A month earlier, ICC reported another attack in a Sheohar neighborhood in the northern state of Bihar, India. In that case, Pastor Shelton Viswanathan ended up with fractures to his neck and face after eight young Hindu radicals knocked him from his bike and beat him while he was delivering Christian literature. According to ICC, police officials refused to register the case. This is reportedly a common practice and seems to have contributed to the rise in violence against religious minorities in the region over the past two years.

“The Hindutva [Hindu nationalist] extremists are walking into churches and are disrupting prayer services—on a weekly basis, we hear of threats and attacks on home churches and pastors,” Devash Lal of the Bihar Pastors Fellowship told ICC. “Christian persecution is widely spread across Bihar, and it appears to be a much planned, systematic opposition created to target activities.”

“We also see police supporting the perpetrators instead of taking action against them, and the victims do not come forward fearing this bias,” Lal added.

As a result, Christians have become reluctant to report incidents because of the danger.

“After the attack, some of my Christian friends went to Sheohar police station to inform them,” Lal said. “But the police said their hands are tied and that they cannot take any action.”

That is why Pastor Viswanathan said he delayed talking with police.

“If I force the police to register cases against the assailants, the [Hindu extremist] Bajrang Dal’s top leaders will not spare me,” Pastor Viswanathan told Morning Star News. “The police officials asked me to be wary as the Hindu militant activists roam freely with guns, and through their videos, I can be easily identified by other RSS [Rashtriya Swayamsevak Sangh]-affiliated groups also.”

According to Open Door USA’s 2019 World Watch List, India ranks as the 10th worst country in the world when it comes to Christian persecution.

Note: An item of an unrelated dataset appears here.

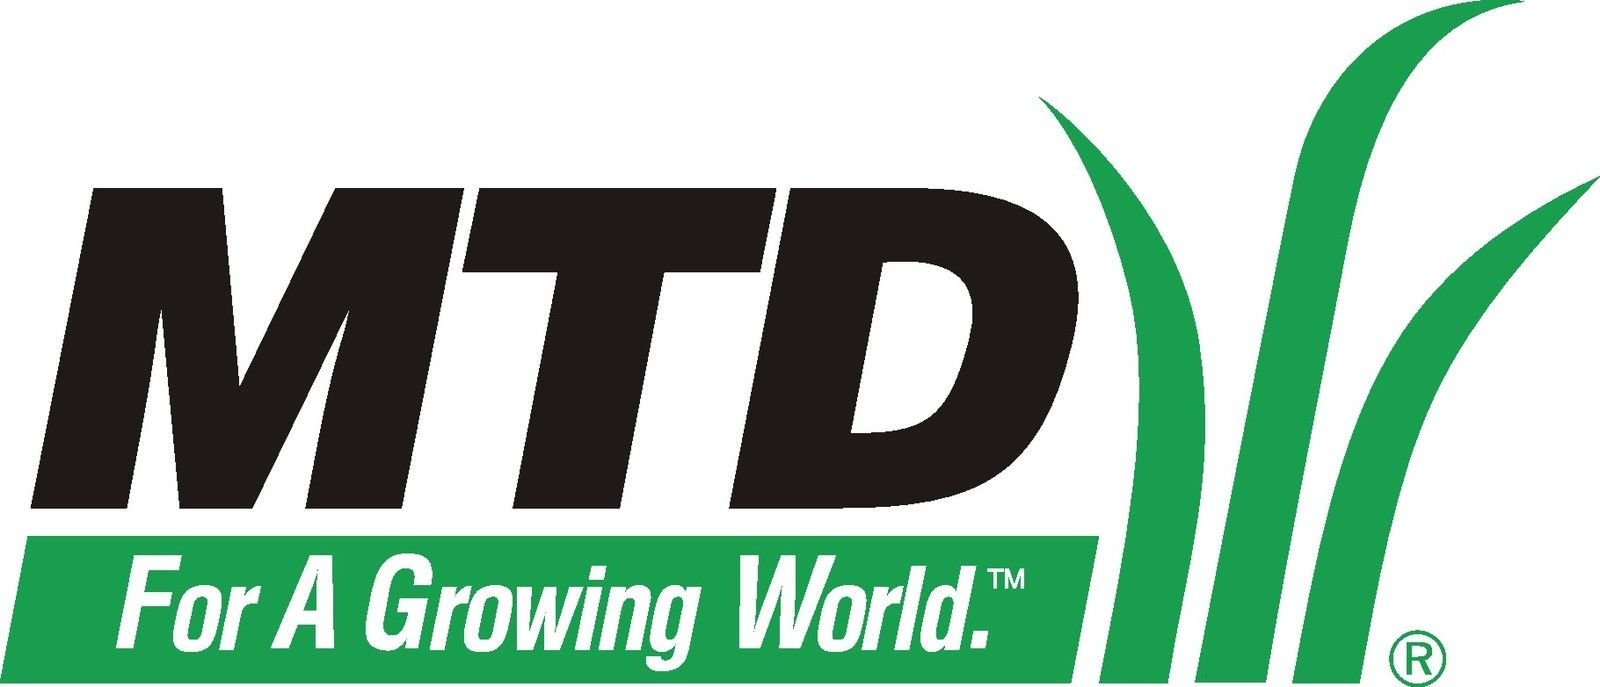 Genuine MTD 718-04706P Log Spltter Control Valve fits Troy Bilt 718-04706 OEM ;from#atlantic_tool_warehouse

“Since the current ruling party took power in 2014, attacks have increased, and Hindu radicals believe they can attack Christians with no consequences,” the report summary said. “As a result, Christians have been targeted by Hindu nationalist extremists more and more each year. The view of the nationalists is that to be Indian is to be Hindu, so any other faith—including Christianity—is considered non-Indian. Additionally, in some regions of the country, converts to Christianity from Hinduism experience extreme persecution, discrimination and violence.”